Search for relevant chunks

When a user asks a question to the chatbot, the first thing the chatbot does is search for relevant chunks in the Chroma database. This returns the parts of the videos that relate the most to the user’s question. Then, this information is provided as context for the LLM, enabling it to generate an answer based on that information.

Chroma has a function called similarity_search_with_score, which has a parameter to set the number of results to return. We set it to retrieve the top 10 most similar chunks relative to a user's query. When a user interacts with our chatbot, this function returns 10 video segments most likely to contain relevant information. Then, these selected video segments are provided to the llm, which synthesizes the information to generate an appropriate response.

Design the prompt

Once the relevant text chunks are retrieved from the Chroma database, the next step is to format this information so that the language model can use it to generate an answer. We must construct a prompt to communicate the question and provide sufficient context from the retrieved text chunks.

Typically, the prompt includes a brief introduction or background followed by the specific question you want the model to answer. The relevant text chunks are included as context to help the model generate a more accurate and informed response.

As an example of a possible prompt, we used the following:

Asking the LLM

With the prompt designed and the relevant context in place, the next step is to query the language model. This involves sending the constructed prompt to the model and receiving a generated response. The LLM uses the context provided to understand the question and generate a coherent and contextually accurate answer.
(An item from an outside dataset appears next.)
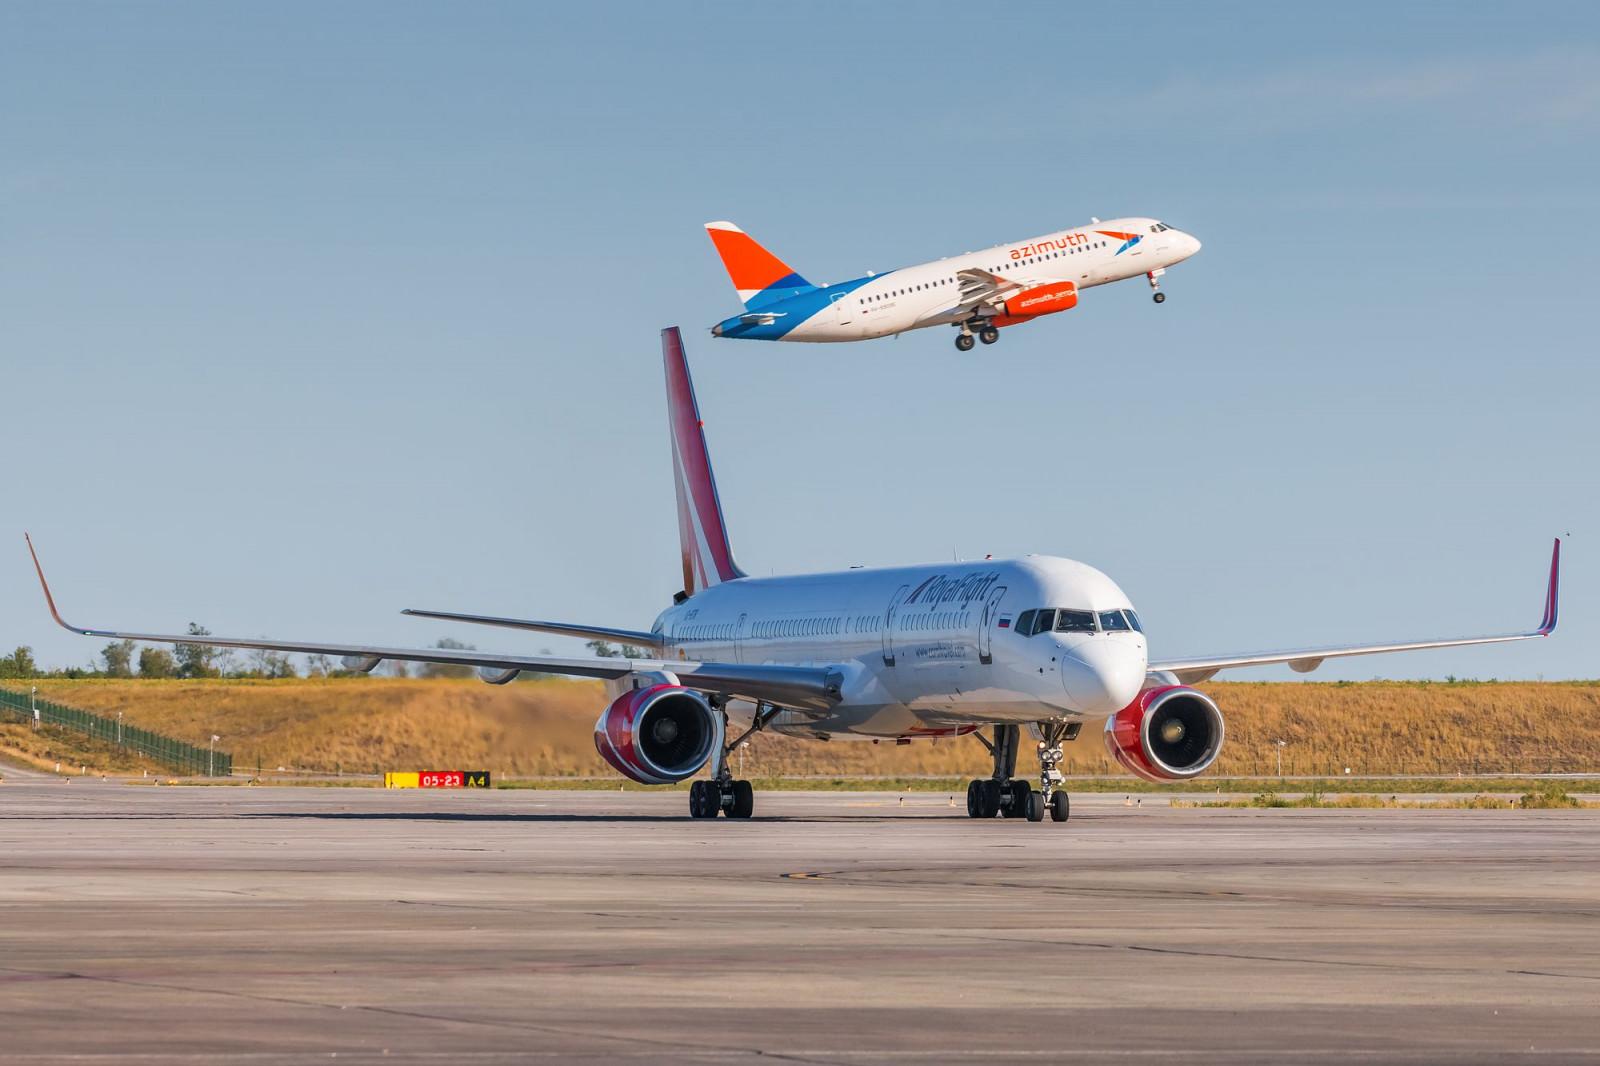 Авиакомпании открывают новые регулярные рейсы из аэропорта «Платов»

We use the OpenAI API to get the large language model (gpt-4-0125-preview), and then make the query. The model then processes the input and returns a text response. After that, we use that output and the relevant chunks as context to build the JSON we deliver to the front end.

Recommendations for a better chatbot

  • Chunking the documents: 
    • Embedding overly large or excessively small text chunks may lead to suboptimal outcomes. Therefore, identifying the optimal chunk size for documents within the corpus is crucial to ensuring the accuracy and relevance of the retrieved results.
    • There is no one-size-fits-all ”best” strategy, only the most appropriate one for a particular context.
  • Embedding model selection:some text
    • There are different embedding models that vary in price, input length, task for which they were made, etc. It’s a good practice to try some of them and find the one that works best.
  • Vector databases: 
    • There are several databases which can be used and different metrics to compute similarity. Each one has its pros and cons and differs in aspects such as whether they are paid or open source, cloud options, and more.
  • Transform queries:
    • Consider expanding user queries into multiple variations.
    • Implement query rewriting to improve the alignment between the search terms and the content, ensuring more precise and relevant search results.

Conclusion

Creating a chatbot that can answer questions using YouTube data is a powerful demonstration of how modern AI tools can be leveraged to make vast amounts of information more accessible and interactive. Following the steps outlined in this guide, you can build a functional chatbot capable of providing responses based on information provided. If you want to check out the demo of the case we just saw, click here.

This process showcases the potential of retrieval-augmented generation (RAG), where external data enhance large language models to provide more accurate and contextually relevant answers. While this guide focused on a specific use case with the Fall of Civilizations podcast, the principles and techniques can be applied to various topics and content sources.

As AI and machine learning continue to evolve, the ability to integrate and interact with diverse data sources will only grow, opening up new possibilities for creating intelligent systems that can understand and respond to complex queries. Whether you're a developer looking to build your chatbot or simply interested in the potential of AI, the techniques covered here provide a solid foundation to start exploring this exciting field.